Augsberger chickens are extremely rare chickens from the Augsburg region of Germany. It is thought to have first been bred at the end of the nineteenth century with the intent of becoming a dual purpose chicken.
The breed originates from the French La Fleche chicken. It is the only native chicken breed to the Bavaria region of southern Germany and is prized for being a dual purpose chicken which is both a good egg layer and has good quality meat.
The Augsberger chicken is listed as extremely endangered and in 2009 it was recorded that there was only 253 chickens of this breed registered. Male Augsberger chickens weigh 5.1-6.6lbs (2.3-3kg) and females weigh 4.4-5.5lbs (2-2.5kg)
Medium sized eggs weighing around 2.05 oz (58g) on average.
Production per year
180 eggs per annum
When do they start laying eggs?
From 6 months (24 weeks)
Temperament / Are they good as pets?
They do not make good backyard pets as they like to be free range. They are resourceful and can forage for their own food.
How do I tame “Augsberger” chickens?
The best way to tame a chicken is to handle it when it’s young so that it becomes used to human contact. If you’re buying older birds, ask the breeder if they’re used to humans. You can try feeding the chickens out of the palm of your hand.
How many do I need to buy?
For the bare minimum you need two chickens, but we would recommend six as the perfect small flock size.
How much space do they need?
They need a minimum of 10 square feet for a run, though we would recommend a lot more space than this.
Will they mix with my other chickens?
Yes, these chickens are fairly friendly and should be ok when mixed with other chickens.
The Ausaberger Chickens is an all-black bird with an elongated cup shaped comb or two lines of spikes.
Their plumage is black with a greenish sheen throughout. The comb is similar to a Buttercup comb; although after the first couple points it should split into two ‘single’ combs. The result resembles a cup comb, but should consist of two separate blades touching each other the rear.
Their face, comb and wattles are bright red, and the ear lobes are smooth and white. Legs and feet are slate. They’re also available in white and as a bantam but rare both in the UK and Europe.
What should I feed them?
Growers mash should be fed to your chicks when you first get them. Growers mash is full of vital vitamins for healthy development and have a 19% protein content.
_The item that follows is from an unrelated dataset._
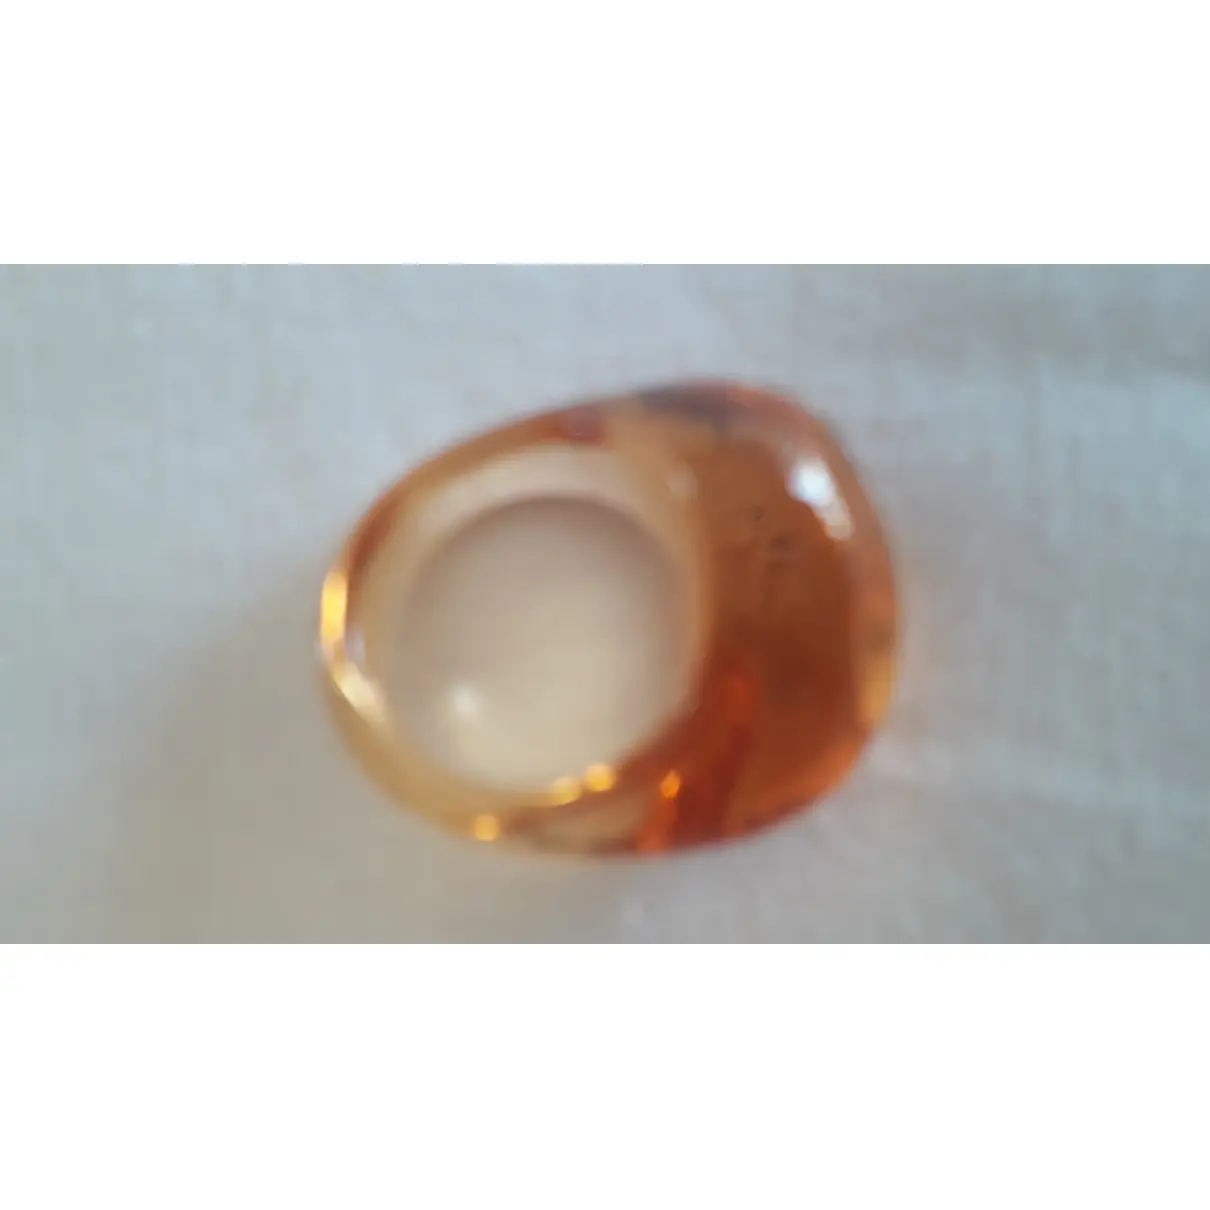 Baccarat Crystal ring for sale - Vintage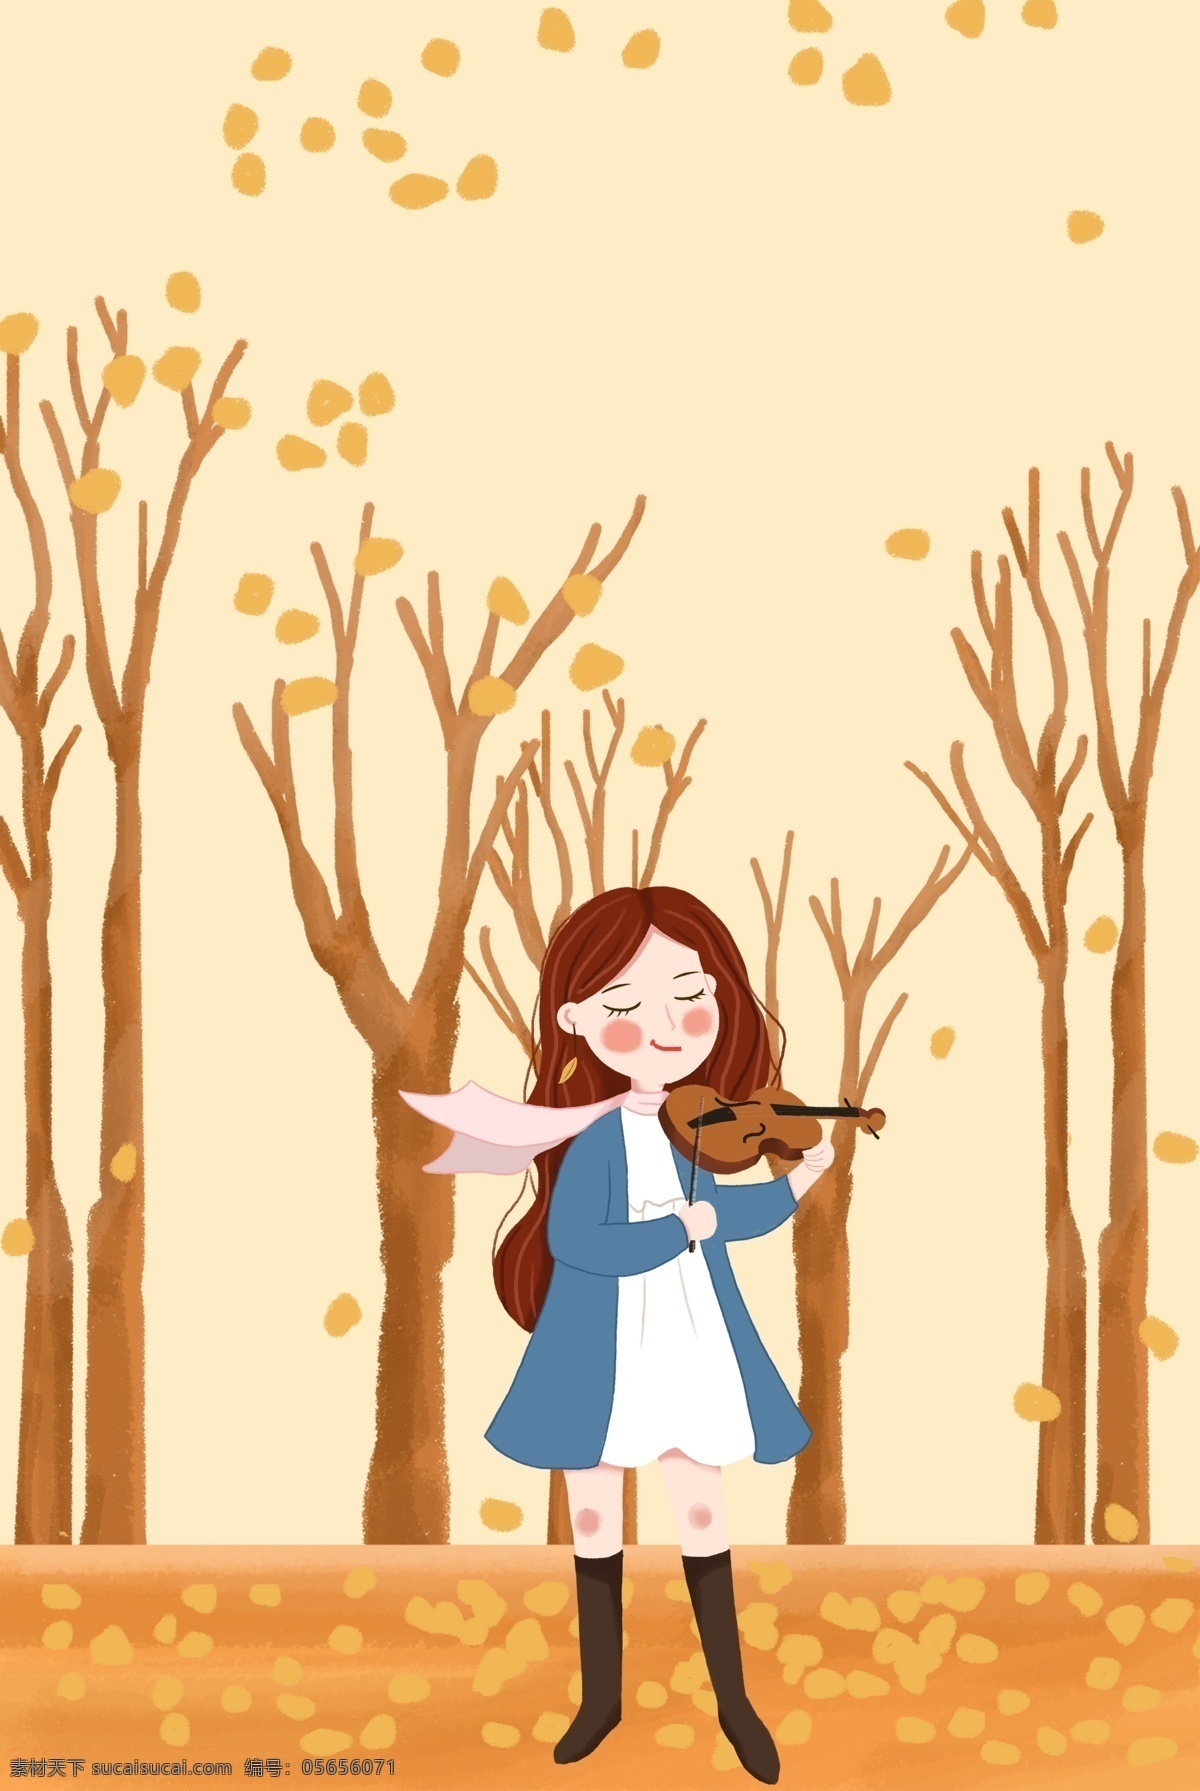 二十四节气 之秋 分 女孩 树林 里拉 小提琴 海报 秋分 落叶 秋天 手绘 简约 卡通 浪漫 音乐 背景

When your chickens have reached the 6 week mark you should switch them to chicken pellets which is a pelletized form of chicken feed which typically has 15-16% protein content.
Once your chickens are 18 weeks old you should gradually introduce layers mash and pellets which has around 16% protein content and all the good stuff that helps them with egg production.
How much should I feed them?
Chickens can consume anywhere between 2.9oz (80g) to 4.2oz (120g), but on average eat about ¼ of a pound (113g) a day. Feed your chickens ¼ of a pound a day and then change the amount depending on how much they eat. You can either feed them at breakfast and dinner or leave their feed in a feeder for them to eat during the day.
What can’t they eat?
There are lots of things that chickens should not eat but the main two are beans and chocolates. Raw and dried beans have phytohemagglutinin in them which can kill your chickens. Similarly they theobromine in chocolate can cause cardiac arrest when consumed by chickens.
Food that has gone moldy should not be consumed by chickens as the bacteria in it can make them unwell. You’re legally not allowed to feed your chickens left overs from the kitchen in the UK as there is a potential for bacteria contamination.
What do I need to keep chickens?
These chickens need at least 1.1sqm/11.8sqft per bird in the coop, with a small perch for them to each sleep on in the night. They also need a nesting box which should be made out of wood and filled with wooden shavings. As these chickens prefer to be free range you need at least 250 square feet per bird of outdoor space for them to roam about in.
Their coop needs a fence dug at a minimum 8 inches into the ground around its entire vicinity and over the top of it to keep them protected at night once you’ve closed them in. Grit needs to be close by so that the chickens can use it in the egg production process.
They also need constant access to water, they prefer their water to be on the cooler side so place the container in the shade. You should buy a container that can’t be knocked over or stepped into.